LyricsGenius
LyricsGenius copied to clipboard
Remove the Hyperlink text from lyrics scrapper
When you use your package to scrape lyrics it includes text for the hyperlinks at the end of the lyrics, see attached screenshot. For a reproductible example, I have attached this in a jupyter notebook.
. This can be removed with some regex code I have created below. I am agnostic if this should be done to all lyrics or only when remove_section_headers=True is selected.
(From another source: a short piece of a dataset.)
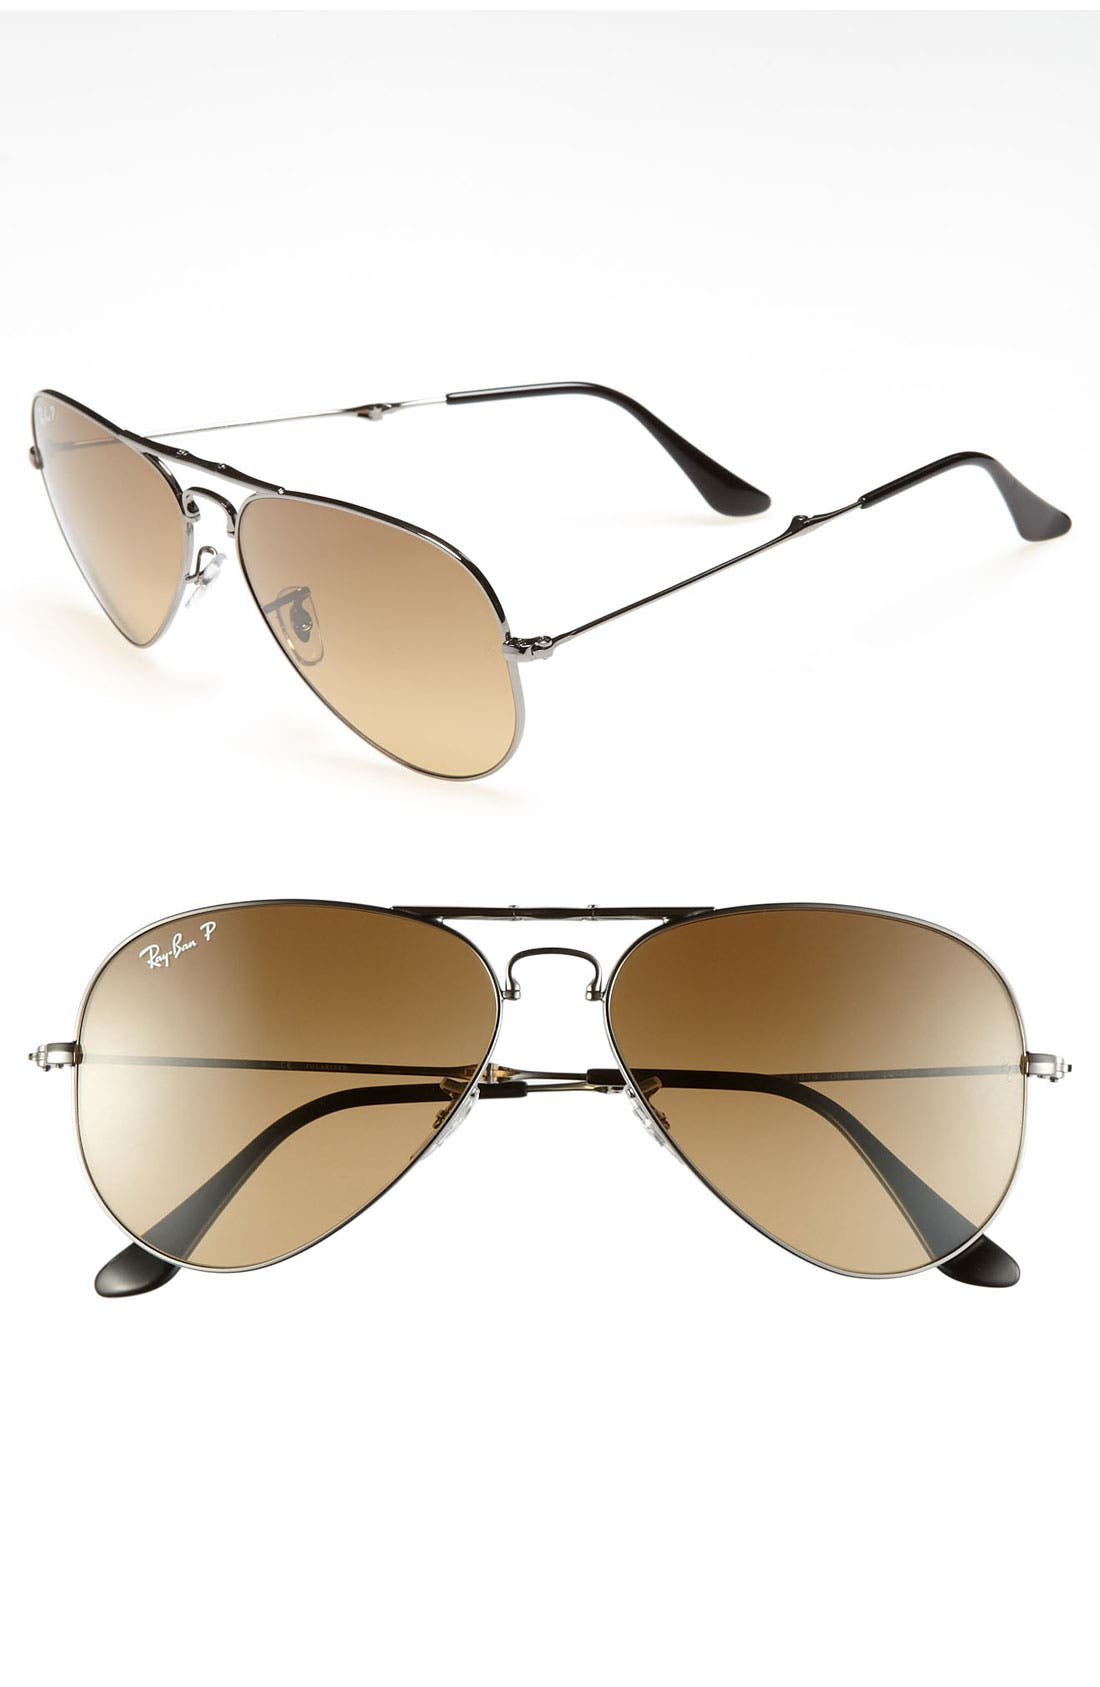 Main Image - Ray-Ban 58mm Polarized Folding Aviator Sunglasses
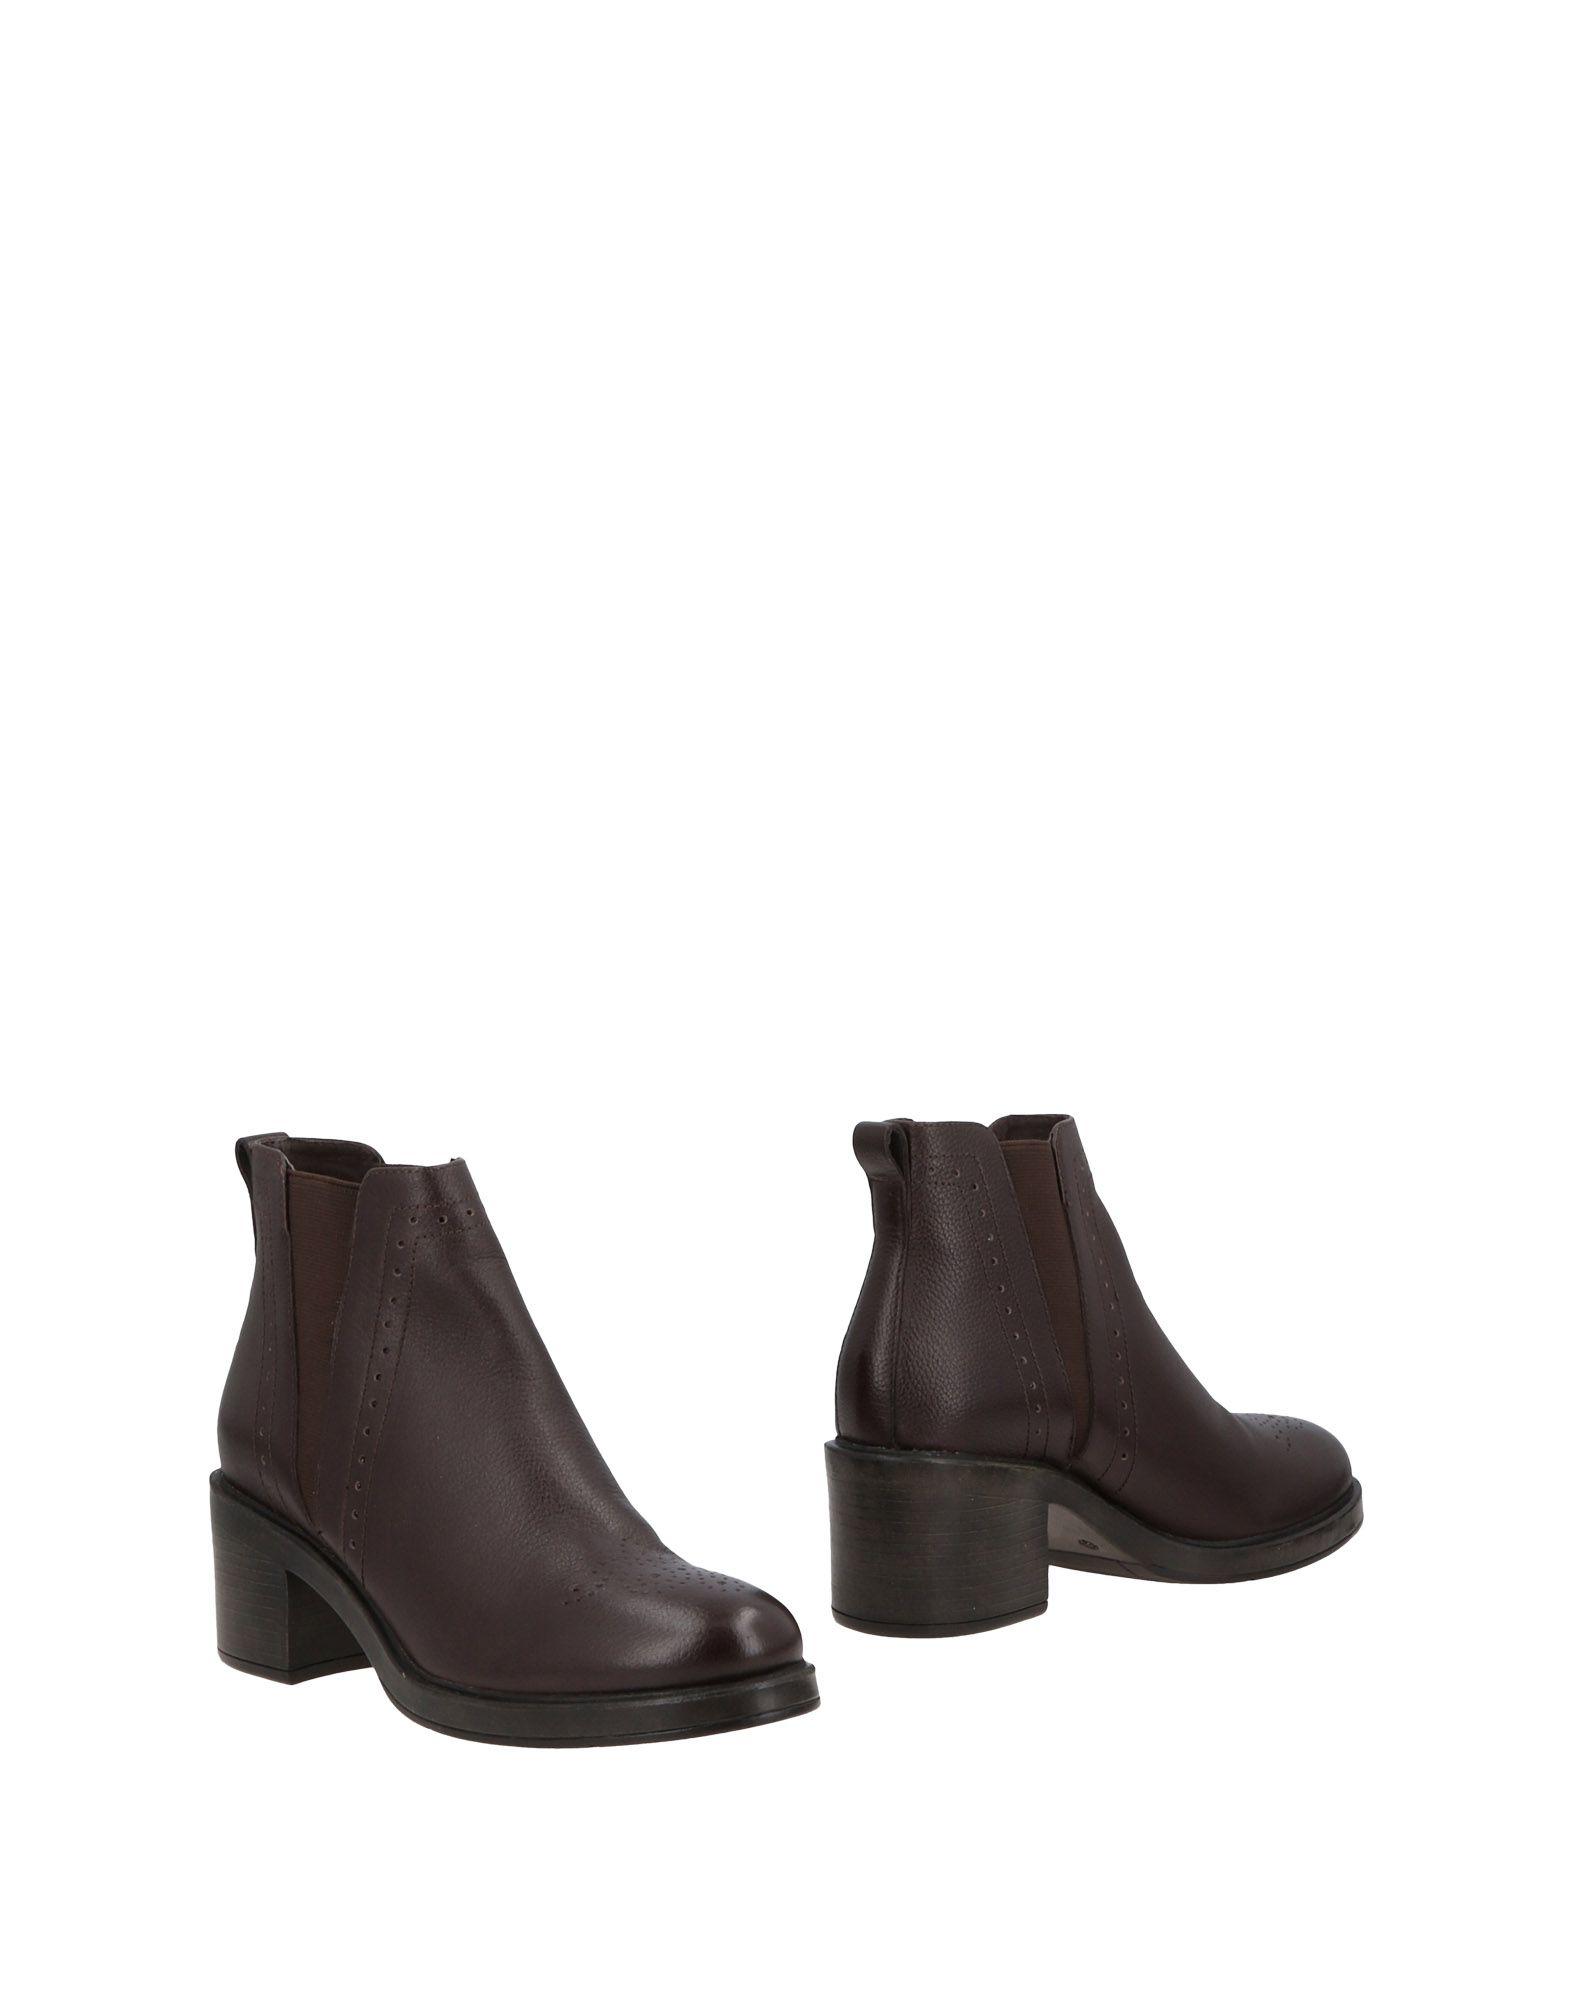 Cuoieria Chelsea Boots Damen  11484668KH Gute Qualität beliebte Schuhe

Potential Solution: hyperlinks_removed = re.sub(r"[0-9]+EmbedShare URLCopyEmbedCopy",'',lyrics)
Example for reproduction
import lyricsgenius as lg import genius_token as gt genius = lg.Genius(gt.token, # Client access token from Genius Client API page skip_non_songs=True, excluded_terms=["(Remix)", "(Live)"], remove_section_headers=True)
songs = (genius.search_artist('Kanye-west', max_songs=1, sort='popularity')).songs s = [song.lyrics for song in songs]
print(s[0][-30:])
Thanks for the regex, I had exactly the same problem.
I slightly modified the regex to
hyperlinks_removed = re.sub(r"[0-9]*URLCopyEmbedCopy",'',lyrics)
because the other one failed for songs that had zero shares.
Yeah. I'm hitting this as well. I'll add the regex to me code for a short term fix
I had to slightly modify Vuizur's solution because it was only getting the URLCopy part
(Javascript):
let re = /[0-9].*URLCopyEmbedCopy/
lyrics.match(re)
Thanks! I was wondering why the output on my songs lyrics were outputting this!